Cranberry for Prevention of Urinary Tract Infections in Multiple Sclerosis Patients (CANNEBERGE)

This study has been completed.
Sponsor:
Collaborators:
Pierre Fabre Laboratories
Ministry of Health, France
Information provided by (Responsible Party):
Rennes University Hospital
ClinicalTrials.gov Identifier:
NCT00280592
First received: January 20, 2006
Last updated: May 18, 2012
Last verified: May 2008
  Purpose

Bladder dysfunction occurs at some time in most patients with multiple sclerosis and these patients are prone to have recurrent urinary tract infections. Cranberry has been traditionally used for the treatment and prophylaxis of urinary tract infections but there is no reliable randomized controlled trial demonstrating evidence of cranberry's utility in this disease. The aim of our study is to assess the efficacy and safety of cranberry in the prophylaxis of urinary tract infections in patients with multiple sclerosis with a prospective randomized, double-blind and placebo-controlled clinical trial.

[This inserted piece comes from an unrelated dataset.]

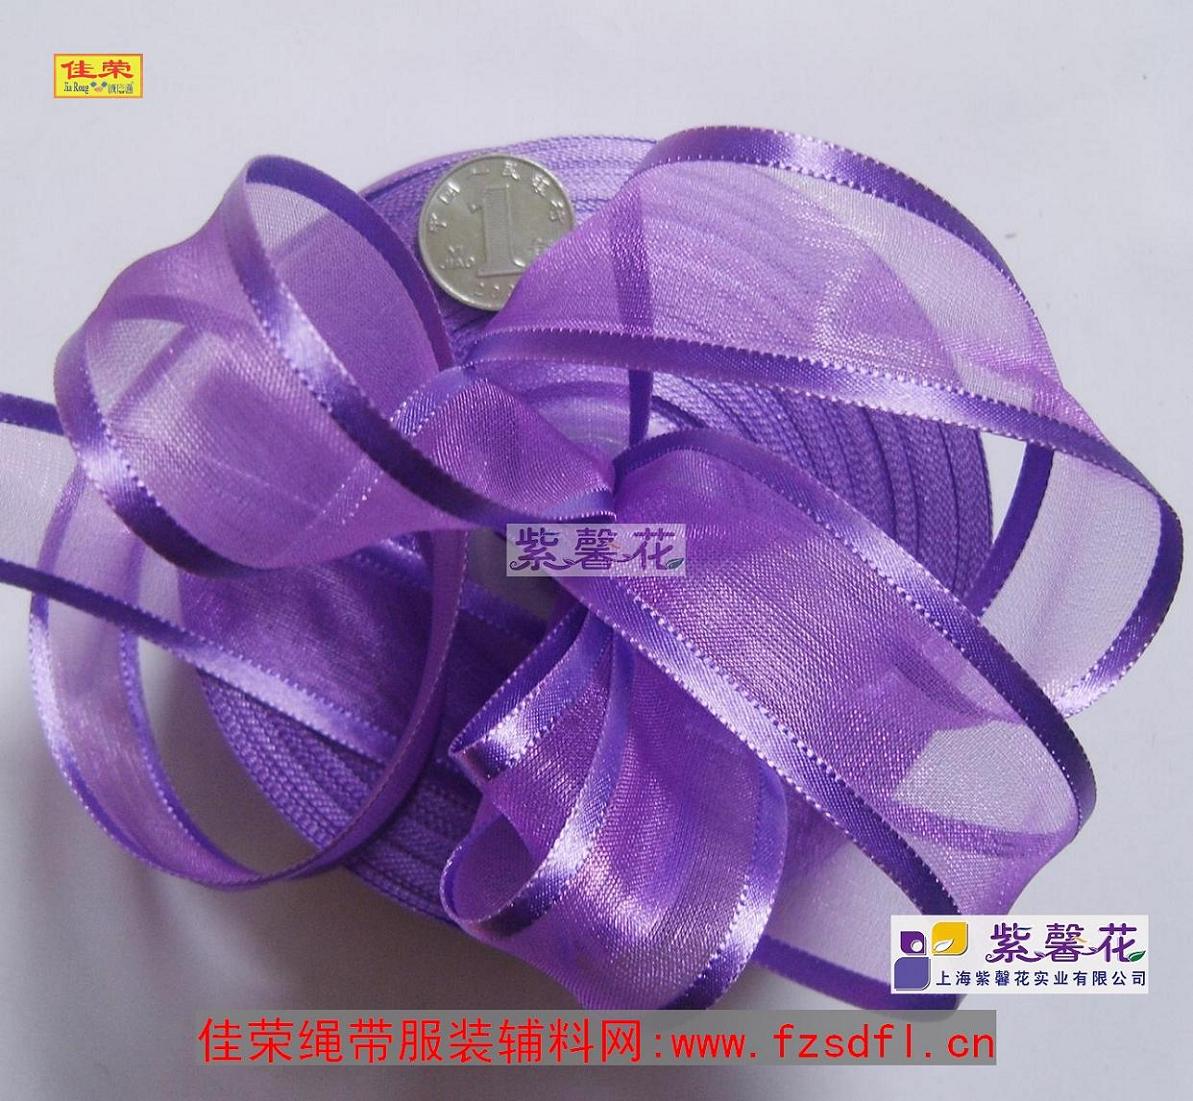 Веревка Huizhou Jiarong с вспомогательным материалом пурпурная цветочная одежда Вспомогательные материалы. Фиброзное шелковое края с Taobao Shop //www.fzsdfl.cn/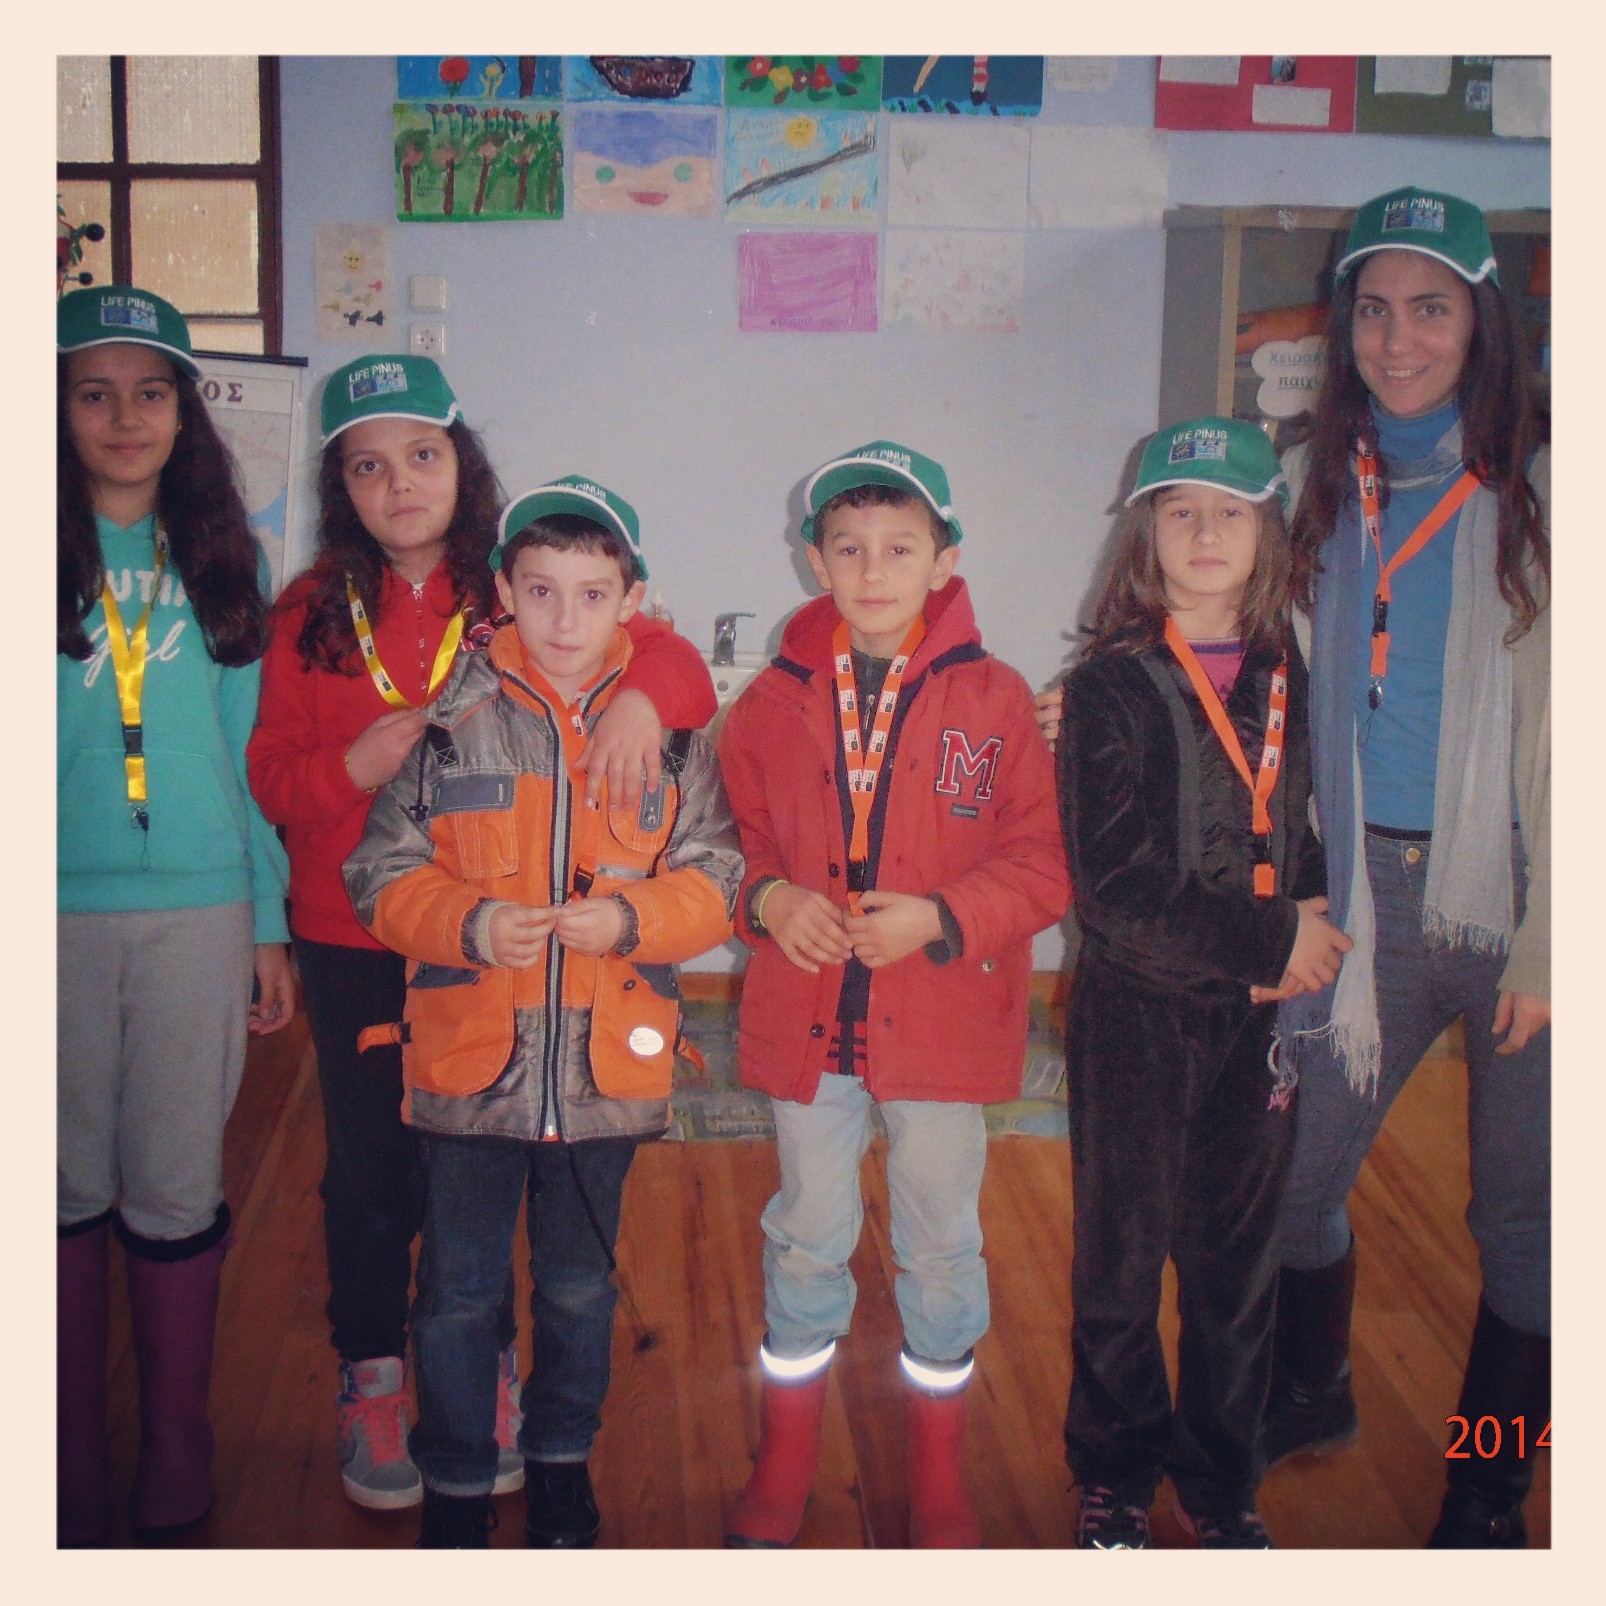 Μαθητές από το Δημοτικό Σχολείο Αγίου Πέτρου στο Φορέα Διαχείρισης Πάρνωνα

Condition Intervention Phase
Multiple Sclerosis
Urinary Tract Infections
Bladder Dysfunction
Drug: Cranberry
Drug: Placebo
Phase 3

Study Type: Interventional
Study Design: Allocation: Randomized
Endpoint Classification: Safety/Efficacy Study
Intervention Model: Parallel Assignment
Masking: Double Blind (Subject, Caregiver, Investigator, Outcomes Assessor)
Primary Purpose: Prevention
Official Title: Prospective, Randomized, Double-blind, Placebo-controlled Study on Parallel Groups Evaluating the Efficacy and Safety of Cranberry (Vaccinium Macrocarpon) in Prevention of Urinary Tract Infections in Multiple Sclerosis Patients.

Resource links provided by NLM:


Further study details as provided by Rennes University Hospital:

Primary Outcome Measures:
  • Time to onset of a first UTI within one year of treatment. [ Time Frame: one year ] [ Designated as safety issue: No ]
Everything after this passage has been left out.